Saturday, May 2, 2009


This past summer, I was interning at a large, urban community hospital that also provided abortion care. As a future abortion provider, my purpose for this month-long excursion was to see and experience abortion care from the perspective of a provider. I knew, on paper, how the procedure went and I knew how the counseling was supposed to go, but I had never witnessed either. It was a truly incredible experience and one from which many future blog posts will most likely be about. However, I would like to focus this posting on something unrelated to my experience, but more of a disturbing incidence that occurred overnight with one of our patients. It’s an episode that deeply disturbs me and only further drives me to seek equality for women seeking that completely legal procedure known as abortion.

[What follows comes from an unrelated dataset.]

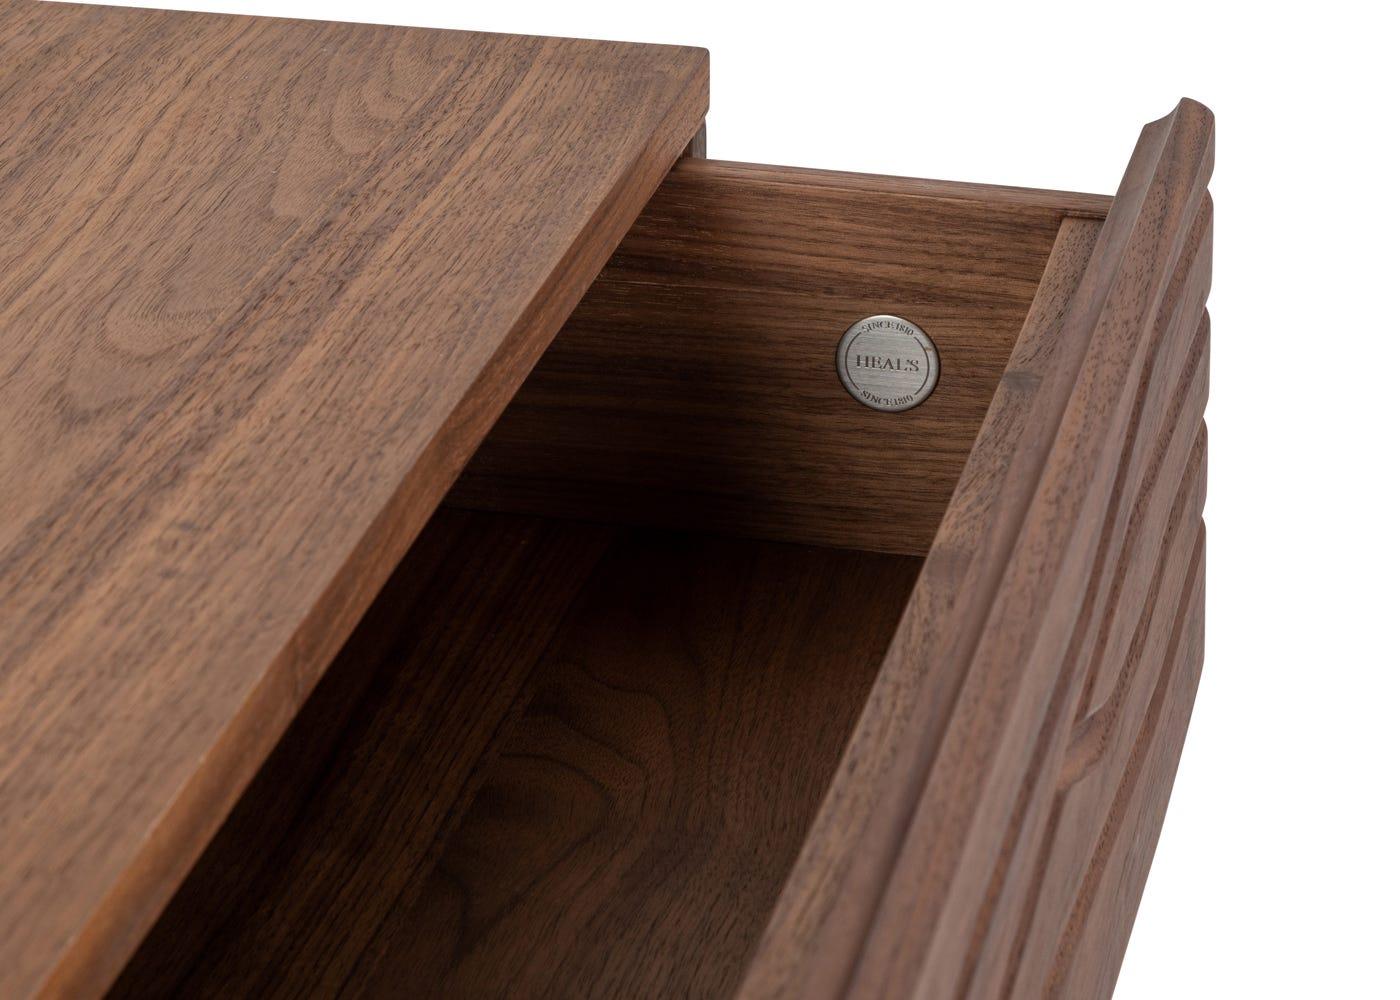 As shown: Storage drawer.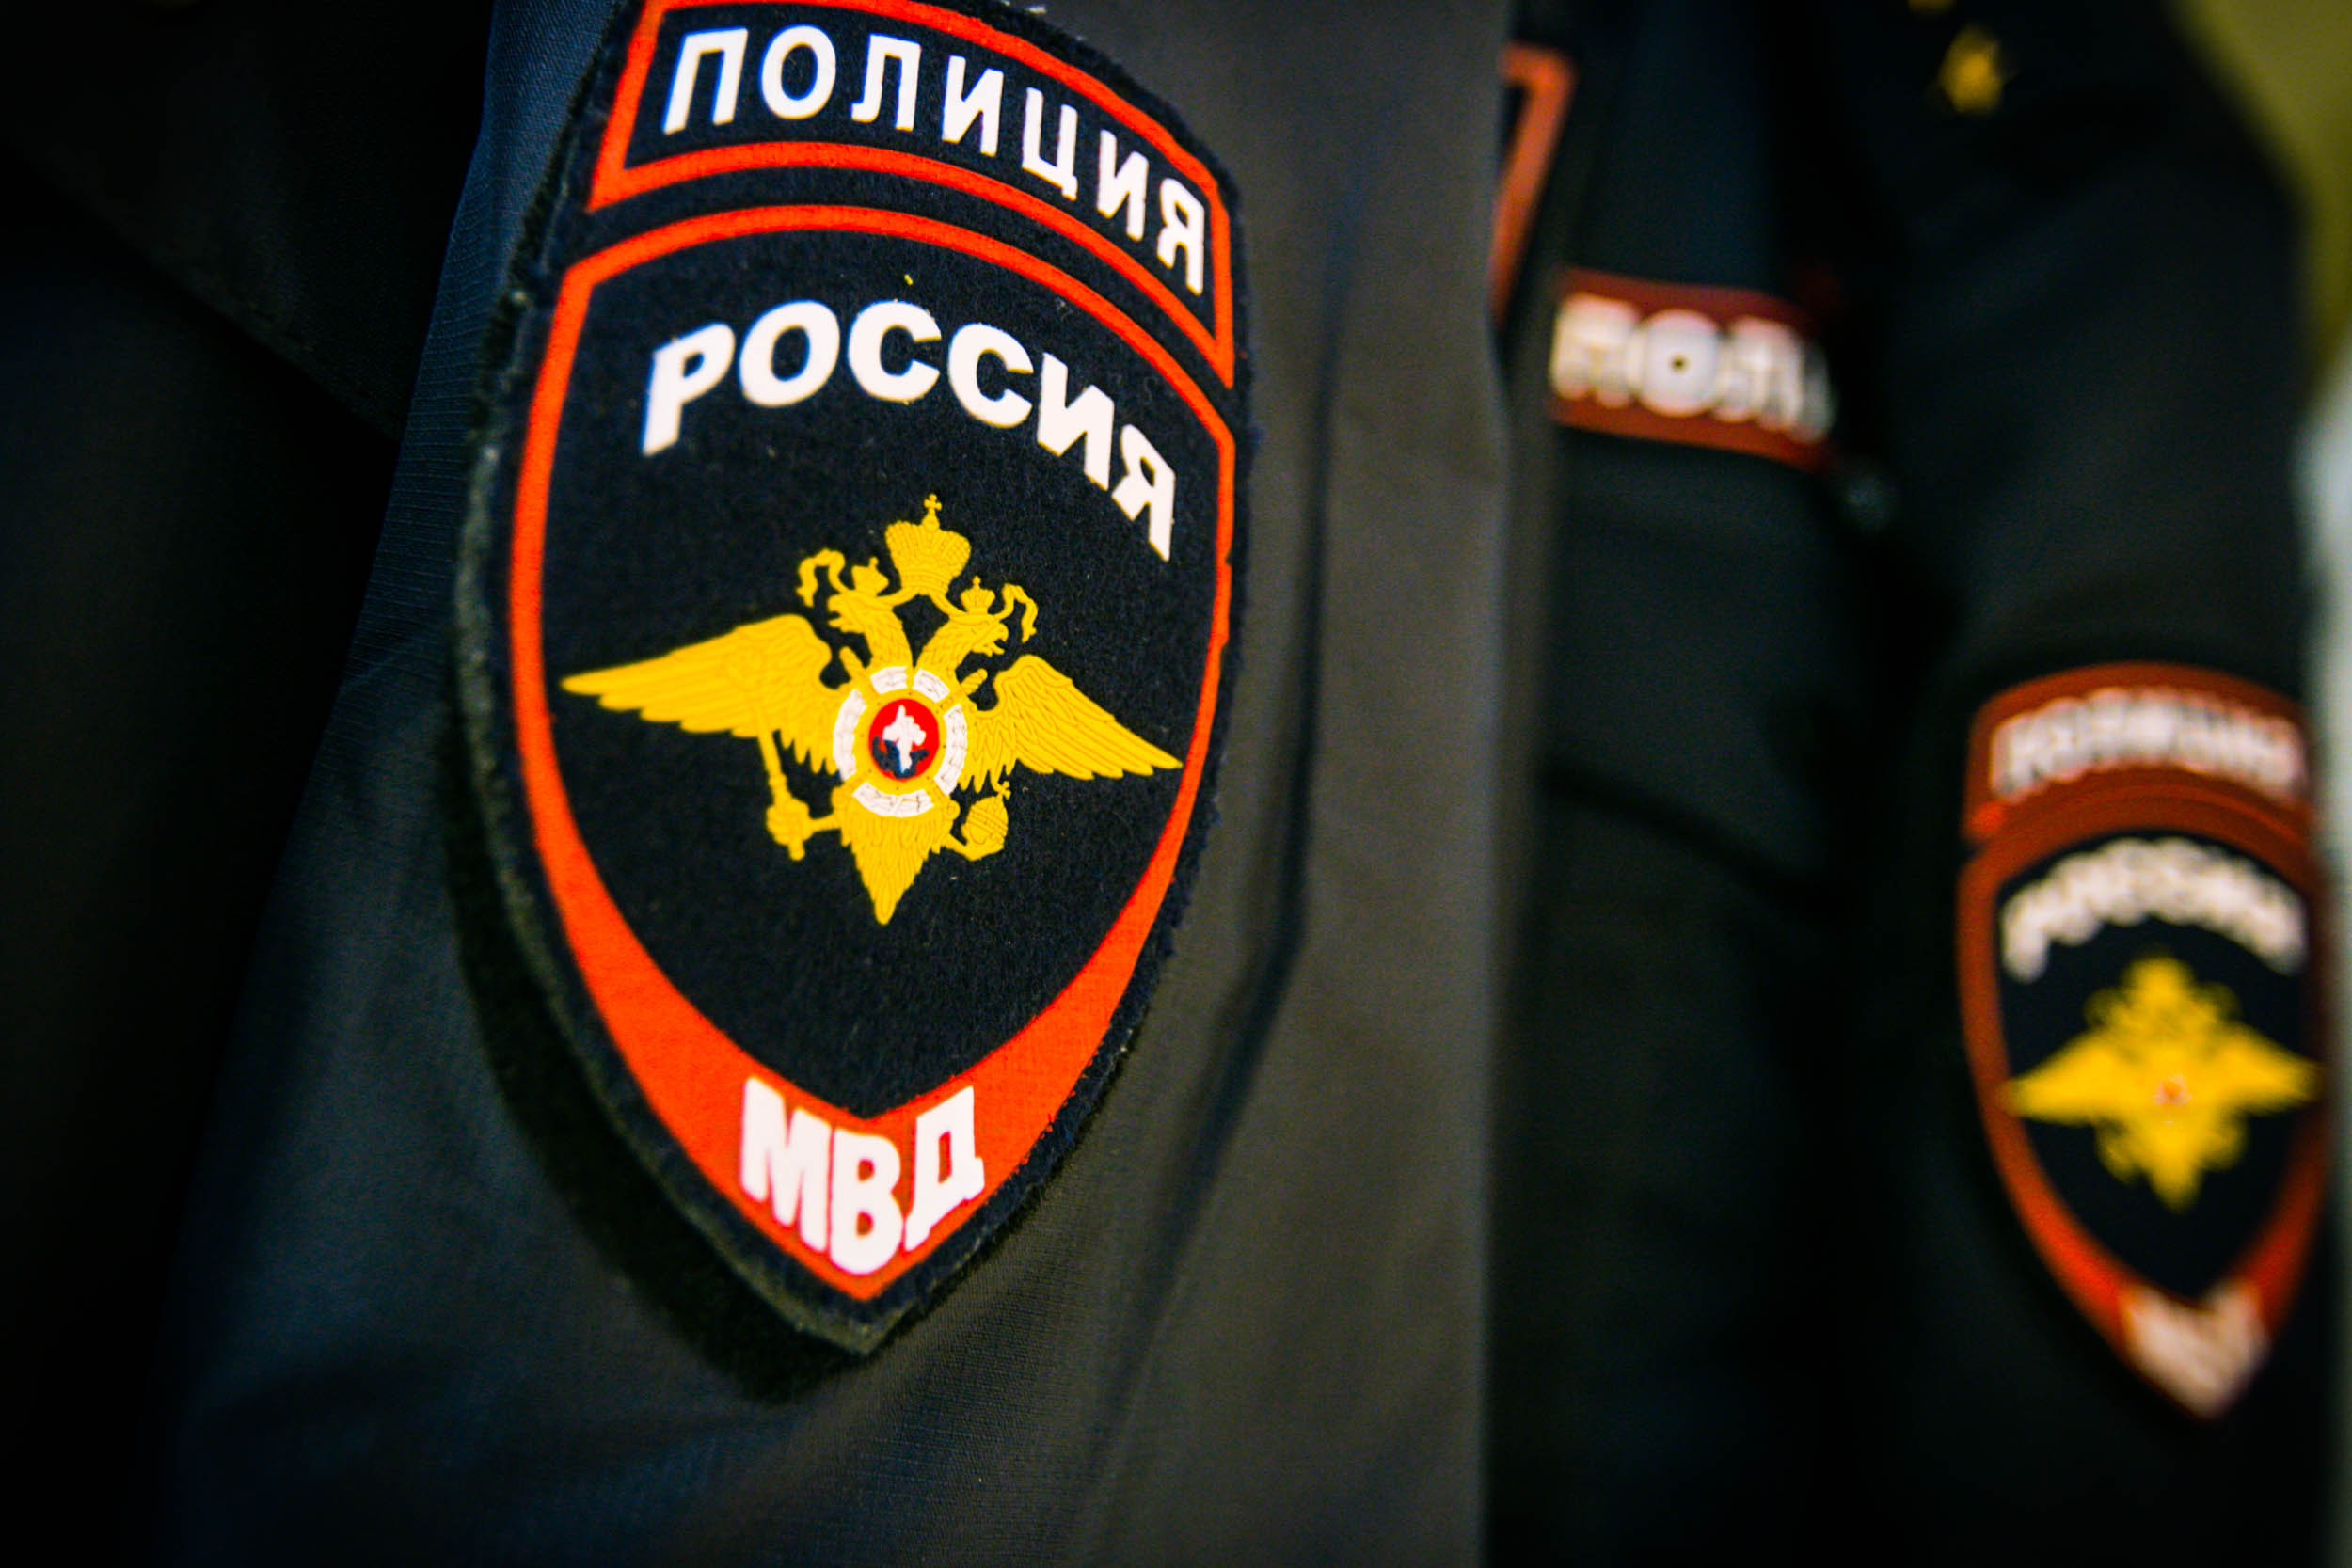 ВПятигорске нетрезвый мужчина подорвал гранату усебя дома

In the state I interned, parental notification laws for minors seeking abortions were on the books. A 15 year old girl, let’s call her Leila, had come in seeking a second trimester procedure one afternoon. She was not in a position to tell her parents of her current unwanted pregnancy and chose the judicial bypass course instead. The judge deemed her competent to make the decision to terminate her pregnancy, and thus she showed up alone to her appointment. Upon ultrasound examination, it was determined that the gestational age of the fetus was 15 weeks and 6 days. In this particular hospital, it was standard practice to insert laminarias in a women’s cervix if she was over 14 weeks gestational age. The woman would then go home, allowing the laminarias to slowly dilate her cervix over night, and then return to the hospital the next day to complete her second trimester abortion. However, there was one problem with this system. Leila couldn’t go home. Her parents would ask questions, wonder why she had to go to the hospital the next day, wonder why she was so uncomfortable, etc. After all Leila had already been through enough to conceal this secret from her parents, and going home clearly wasn’t the best option.

So Leila called a trusted friend, who knew her situation, and asked her to pretend she was spending the night at her house if her parents called looking for her. Leila then called her own parents and told them she would be staying at her friend’s house for the night. Instead Leila would be staying in the hospital overnight…alone.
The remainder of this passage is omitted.